Qbox causes a stir at ComputexBy Ryan Noik 6 June 2014 | Categories: news
One of the new innovations gathering a bit of a crowd on the Computex floor is the Qbox – a name that may raise a couple of eyebrows, but it is not related to the Xbox. Instead, this desktop TV box from Qno is a bit more of potential competition for the Apple TV.
The company explained to us that while most TV boxes can enable their users to push content – typically from smartphones and tablets to to their large screen TV, the Miracast enabled Qbox differentiates itself by being bi-rectional and supporting ‘one-to-many’.
In other words rather than just pushing content to the TV screen, it can also push it from one central screen to multiple devices, such as smartphones and tablets.
This could be useful if for example, if you are watching something on TV but need to leave the room, such as to attend to dinner in the kitchen, and want to view the content on a mobile device.
The Qbox currently supports Android, iOS and Windows 8.1 devices, and has a very familiar, Android 4.4.2 interface. Although the Google Play store – and thus Android apps and games - aren’t yet natively available via the tiny and inconspicuous device, but this is apparently in the works as well.
The Qbox is actually tiny, given its rich functionality, certainly no bigger - if quite a bit thicker - than a portable hard drive.
Happy to play, but ready for work
While entertainment may be the first use that comes to mind, we were told that the Qbox could easily fit right in when used in businesses (for example, to send presentations to attendees’ mobile or tablet devices) or education as well. Additionally, its backchannel facility means that those viewing the content being sent out from the central source, could make notes or offer feedback, and this would become instantly visible to all those experiencing the Qbox’s broadcast. This, apparently, could offer some interesting scenarios for brainstorming sessions.

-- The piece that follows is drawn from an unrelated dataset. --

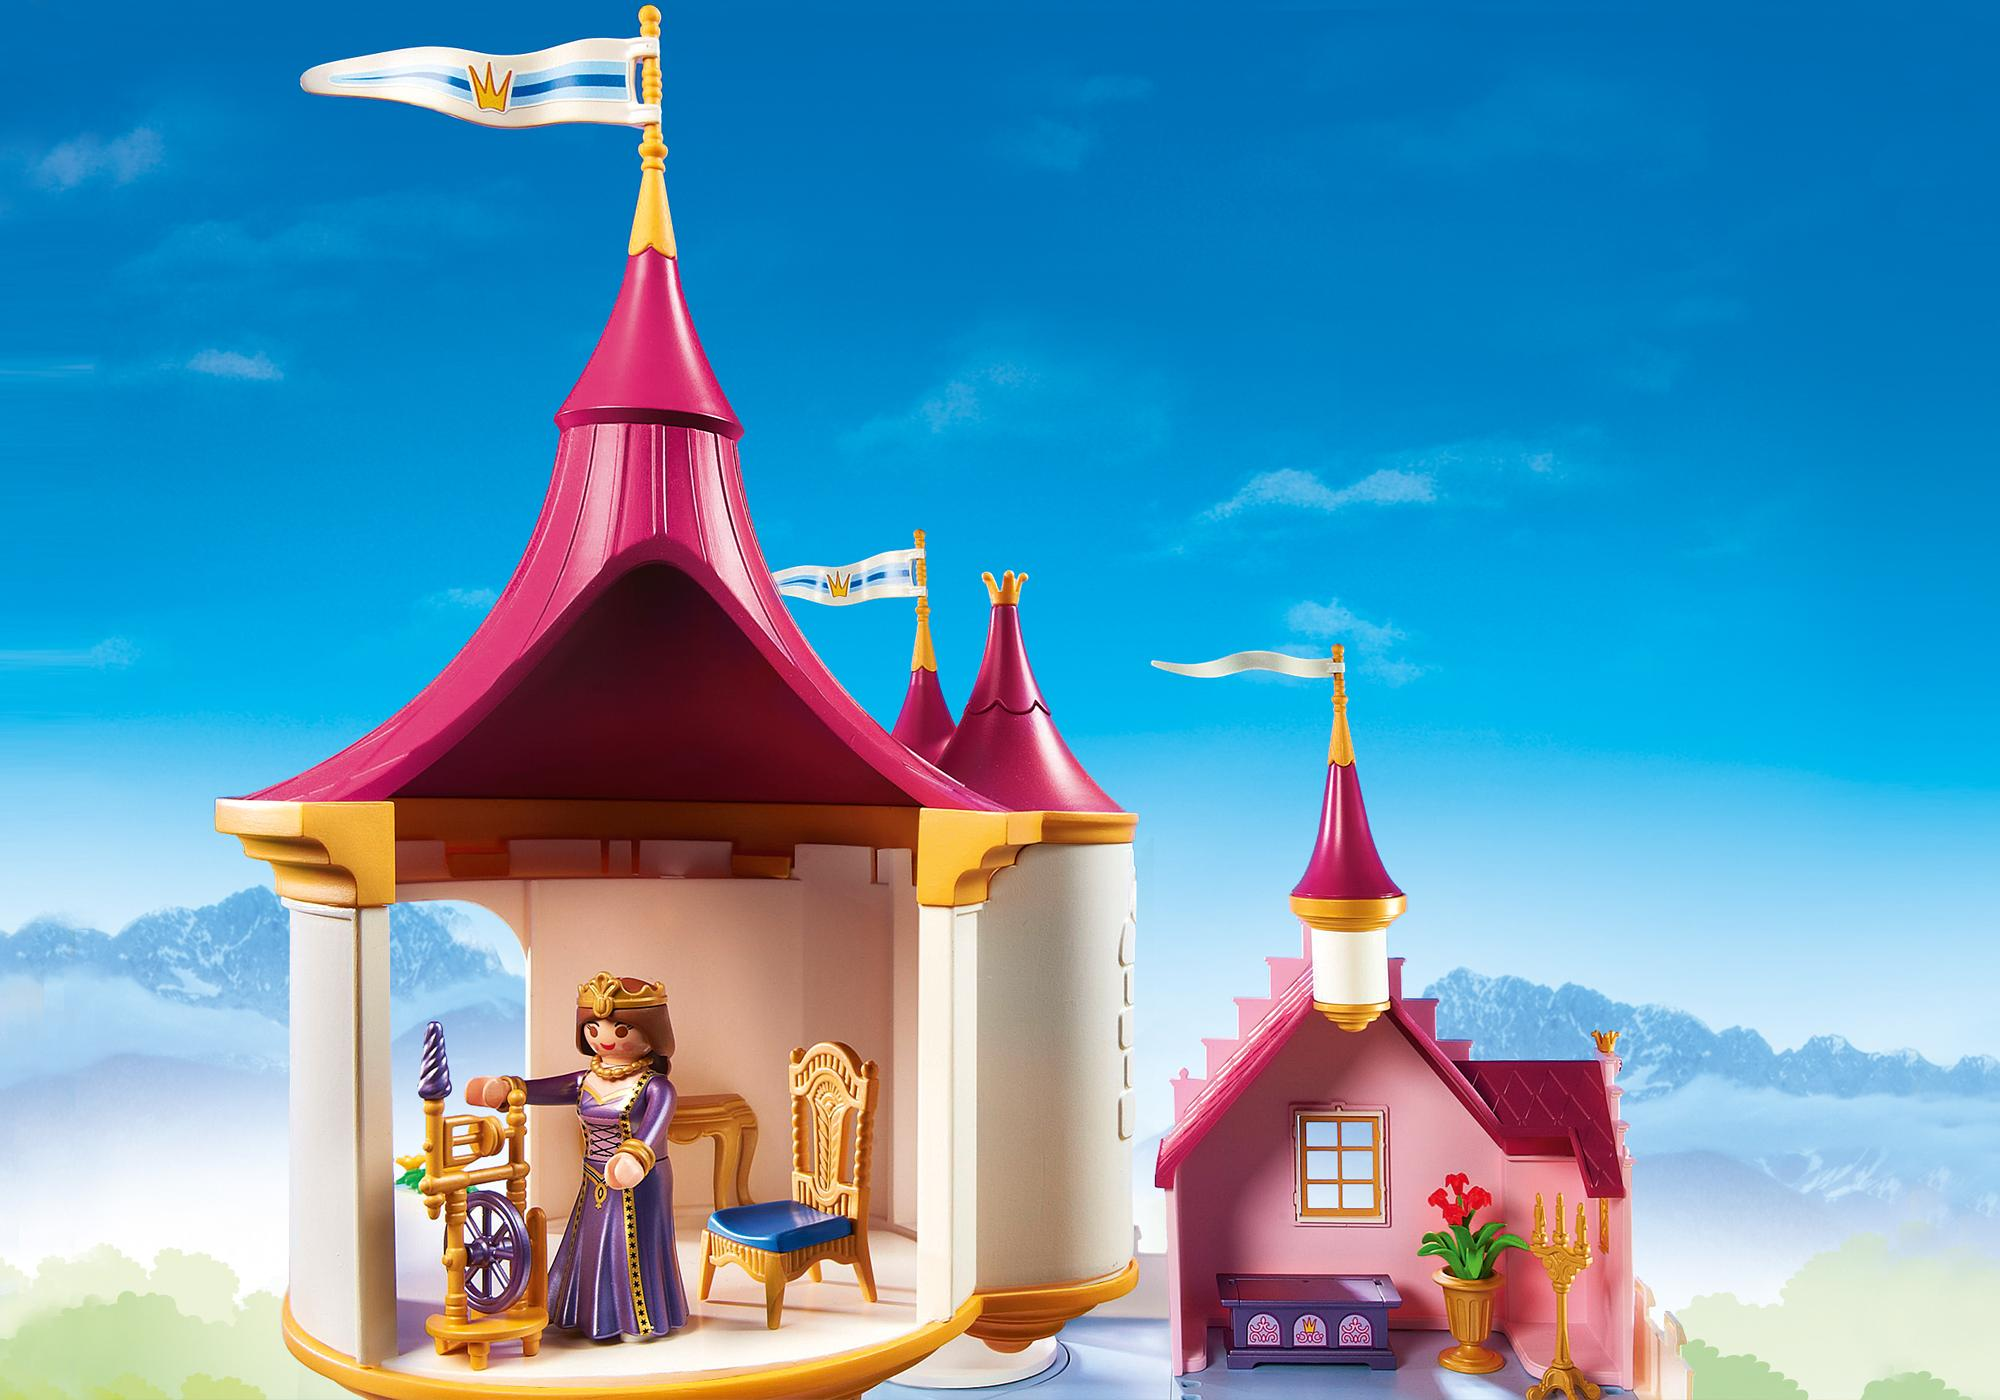 http://media.playmobil.com/i/playmobil/6848_product_extra2/Prinzessinnenschloss

Furthermore, the Qbox can also be used for surveillance and home security, as it can be connected to wireless IP cameras and then send the resulting video to multiple smart devices simultaneously. Another feature that we quite liked is that the device caters to USB flashdrives and SD cards, which should make getting content onto one’s screen(s) that much easier.

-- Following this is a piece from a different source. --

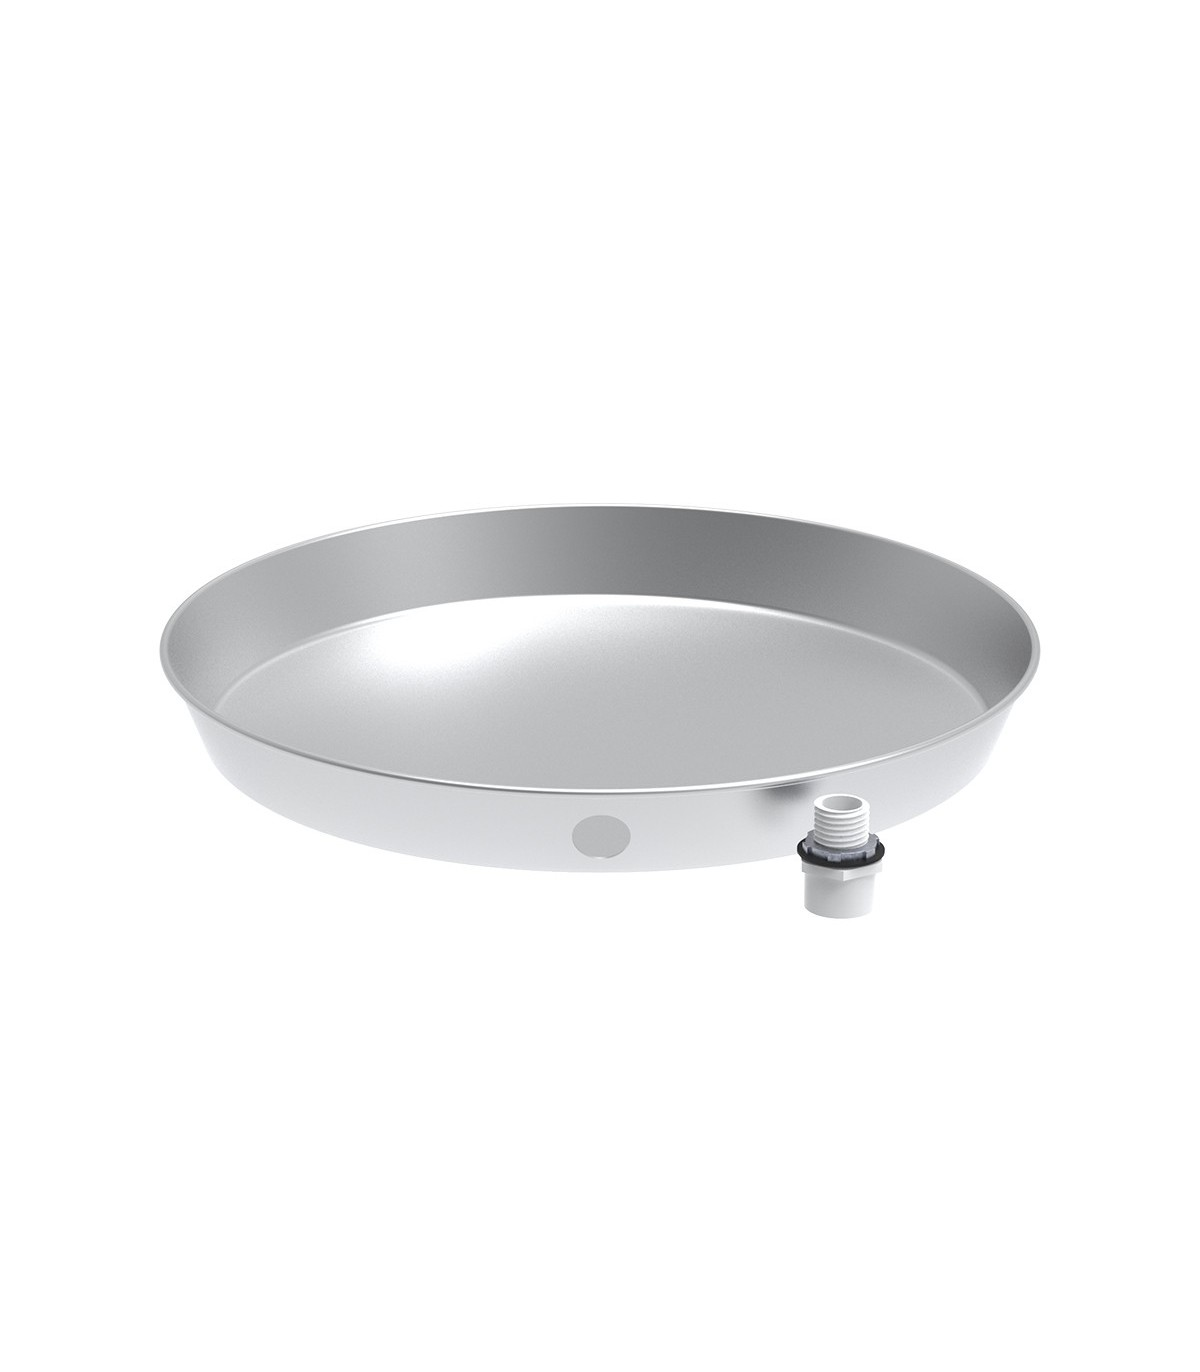 20 Quot Water Heater Drain Pan

Although we asked, the company has not yet explored whether the Qbox would accommodate streaming gaming from consoles as well; but it was something we were told could well be considered down the line.
Hope and plans
At present, the device is quite impressive and feature packed considering its small footprint, and only slated for release in Taiwan in the third quarter of the year. However, the company is apparently looking for distributors worldwide, which means it may well make its way to our shores at some point. Its pricing too is not yet confirmed.